An "almost greedy" algorithm works. If you can play a game at level 2, then there is no reason not to play it (you must do so eventually, and playing only puts you in a stronger position, as you'll have more stars). Otherwise, can you play a level 1 game? If not, the task is impossible. If so, we might have a choice (which I initially missed). Heuristically, play the game with the largest \( b_i \) as this will be "hardest" to play later. Can we make this rigourous?

  • We can play the level 2 games in order from easiest to hardest.
  • We want to avoid playing a level 1 game for which we might be able to play the level 2 version of directly, at some point in the future.
  • But then clearly the smallest \( b_i \) will be played first, so save these if possible.

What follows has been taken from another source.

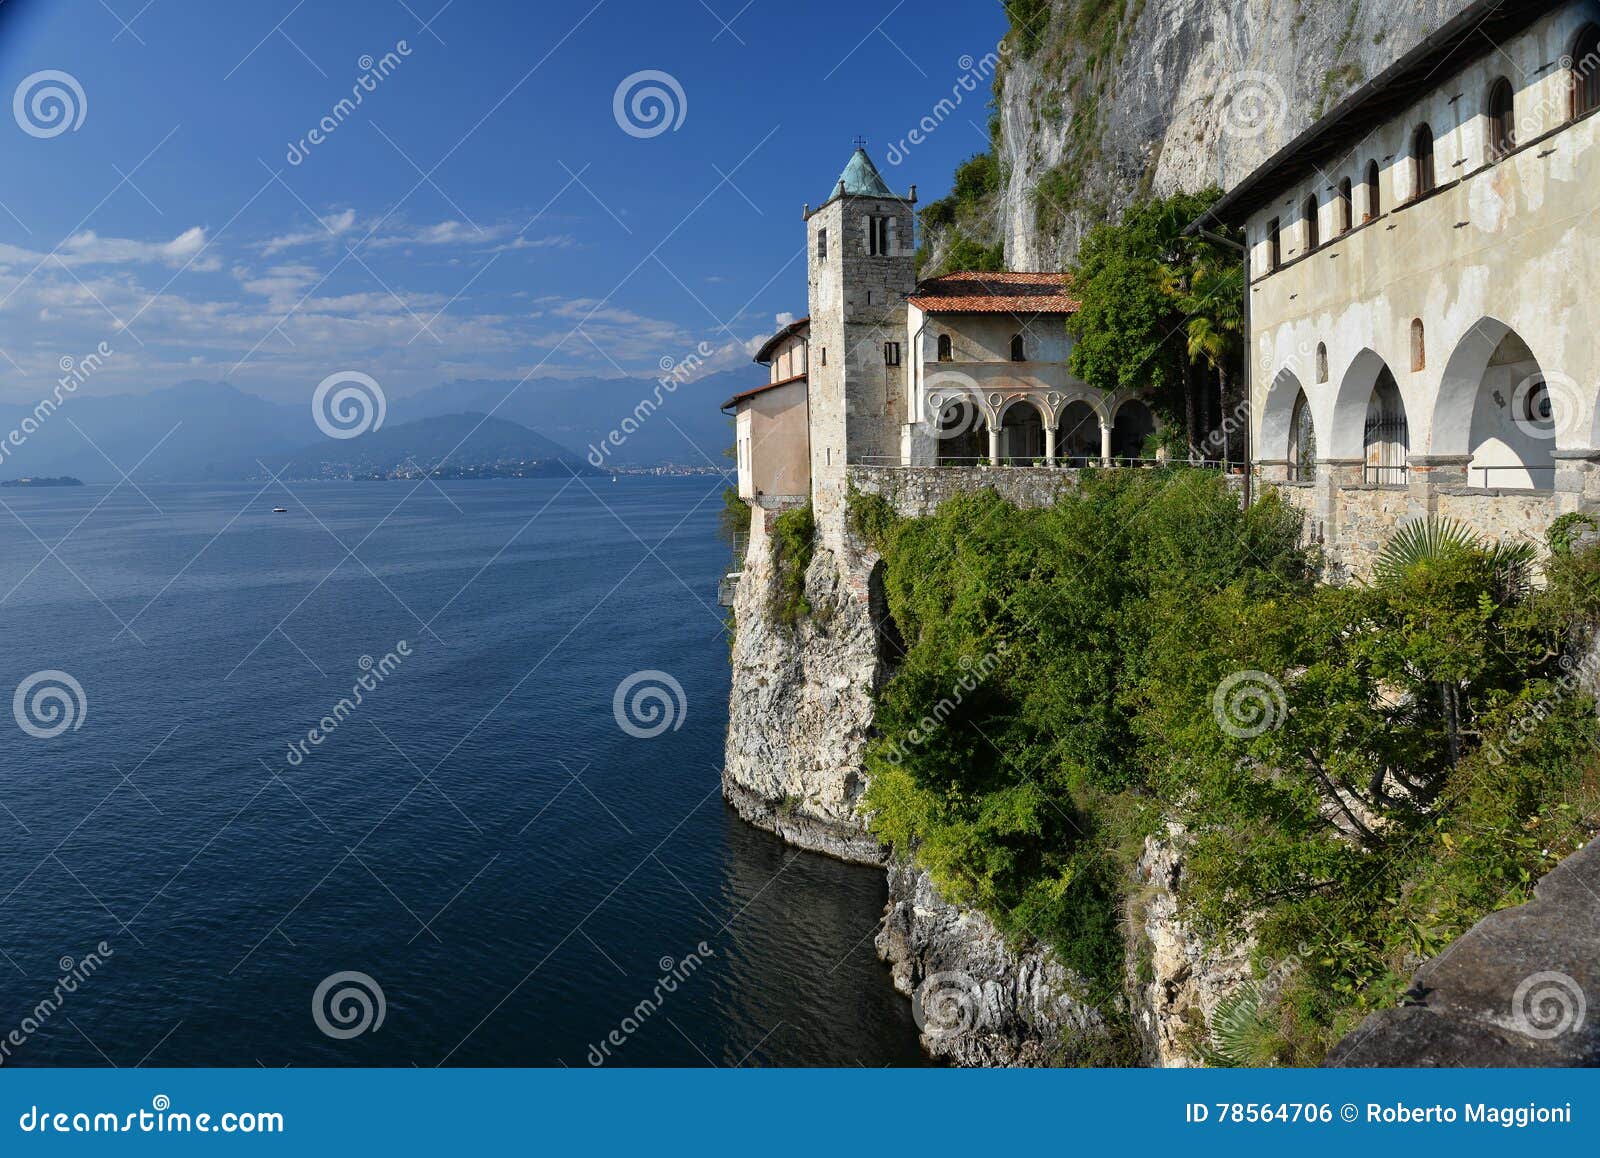 lake - lago - maggiore, italy. santa caterina del sasso monastery

Problem C, Cruise Control: On a dual carriageway, you are given a load of cars with initial positions, fixed constant speeds, and each 5 units long. They can switch lanes instantly so long as another car is not blocking them. Can the cars continue driving forever, or if not, for how long can they drive before a collision is certain?

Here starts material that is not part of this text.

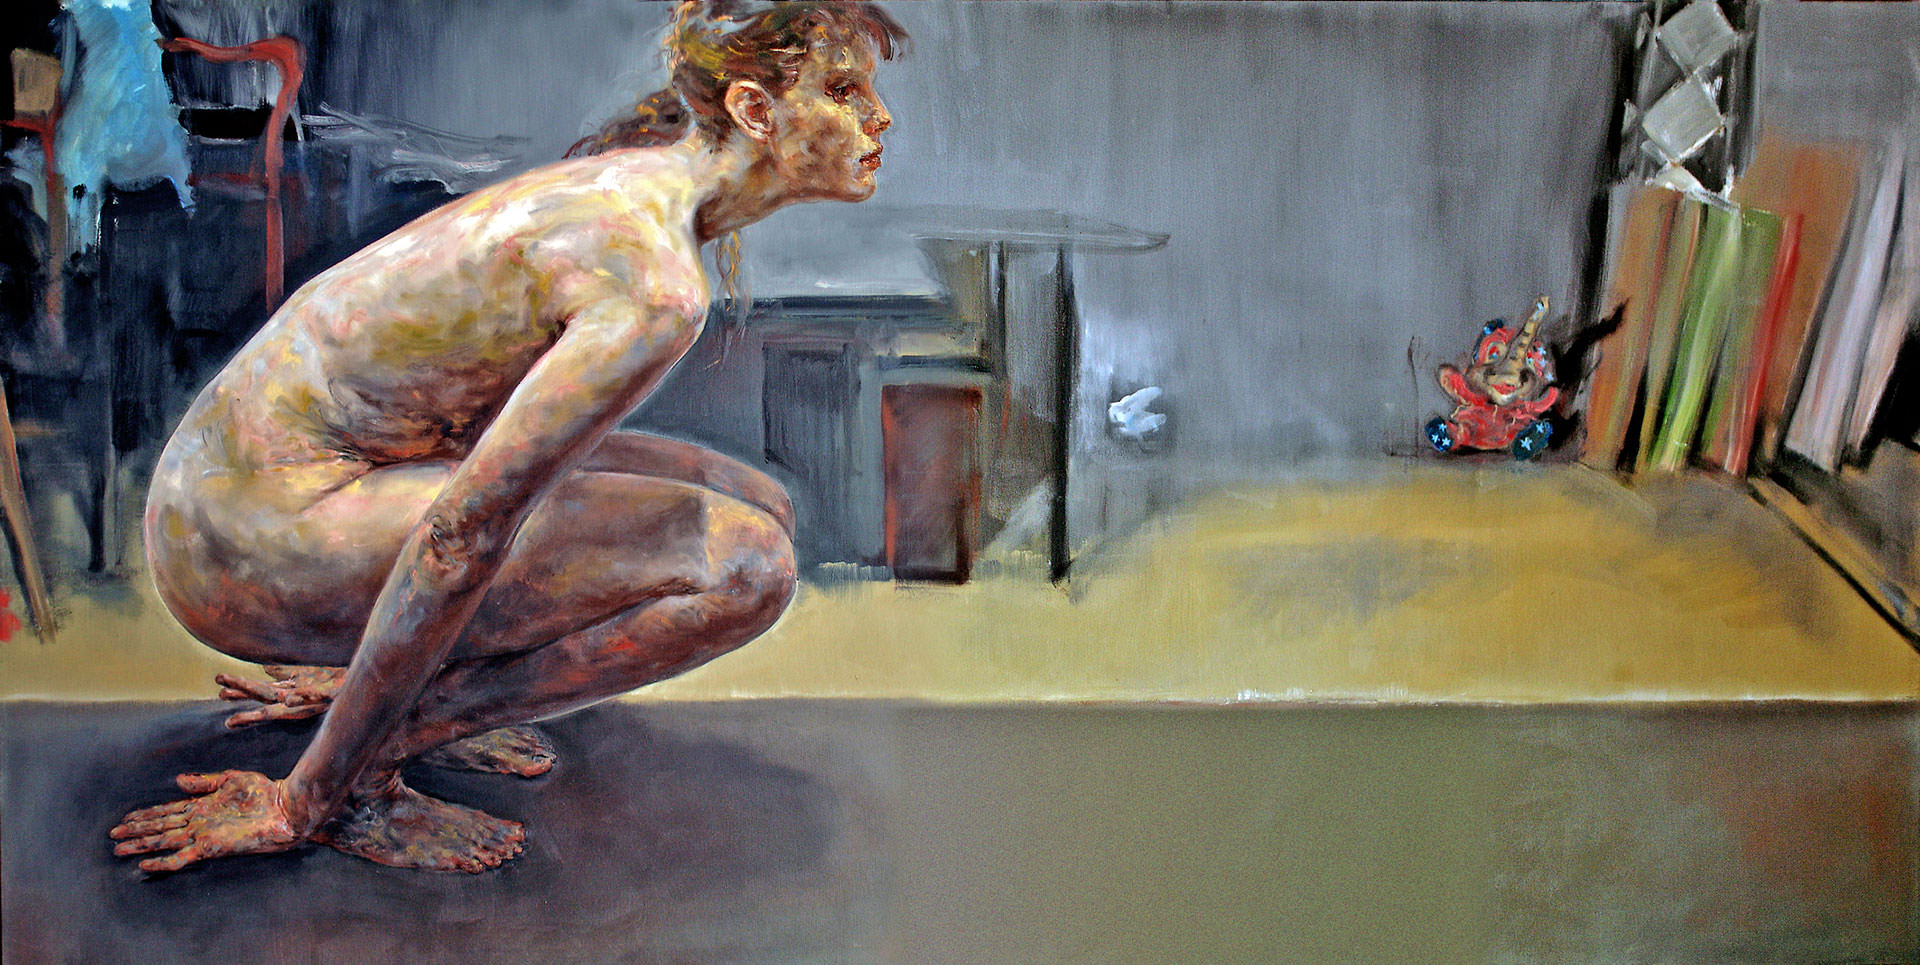 Springerin 2004 155 x 310 cm peinture à l’huile sur toile par Günther Roeder

Solution: This took me ages, but I'm glad to see the official contest analysis also says that this problem is hard. What killed me in the end was that Python is very slow, especially the Fraction class.

  • Cars can continue as they are until the point just before one car starts to overtake another: then we need to make sure they actually can overtake by changing lanes.
  • So calculate all these "action points" in time. Here I used Fraction so I could test things like "The distance between two cars is exactly 5 units" without dealing with floating point issues.
  • Then the "lane assignment problem" can be thought of as a graph colouring problem. The nodes are the cars, and cars are neighbours if they overlap, or will shortly overlap due to overtaking. Cars which are already adjacent cannot change lanes, so we can "colour" their nodes with "left" or "right" according to their current lane. Cars which have no neighbours can be either, but I'm in the UK, so force them to the "left" (later this'll stop expoential growth of cases to consider).
  • The remaining cars can be assigned to either lane, but we must do this "consistently", so that neighbouring cars are in different lanes. My algorithm to do this was to consider each "unassigned" car in turn: if all neighbours are in one lane, then we must choose the other lane; if neighbours use both lanes, then we cannot solve.
  • But there is third alternative: we can use either lane (which'll probably then force some later choices one way or the other).
  • So I keep a list of tentative solutions, and carry these forward. So a breadth-first search.
  • See the contest analysis for fancier solutions.
  • This was still too slow in Python, and after some investigation, the slow part turned out to be the use of the Fraction class. Even after factoring this out and running it once per "time event", my solution was still too slow. Digging into the code, the slow part seems to be the gcd calls each time a new Fraction object is created. Instead, I hard-coded the two tests I needed ( abs(a-b)<5 and a == b-5 ) and immediately the script runs in 2 minutes instead of over 8. See an IPython Notebook for details.

What we learn: - Even for quick coding, I like object oriented thinking, and writing a self-contained class is a good idea. - Profile! The Fraction class was so slow that this dwafted other considerations, and implementing some hacks solved this more quickly than finessing the rest of the implementation.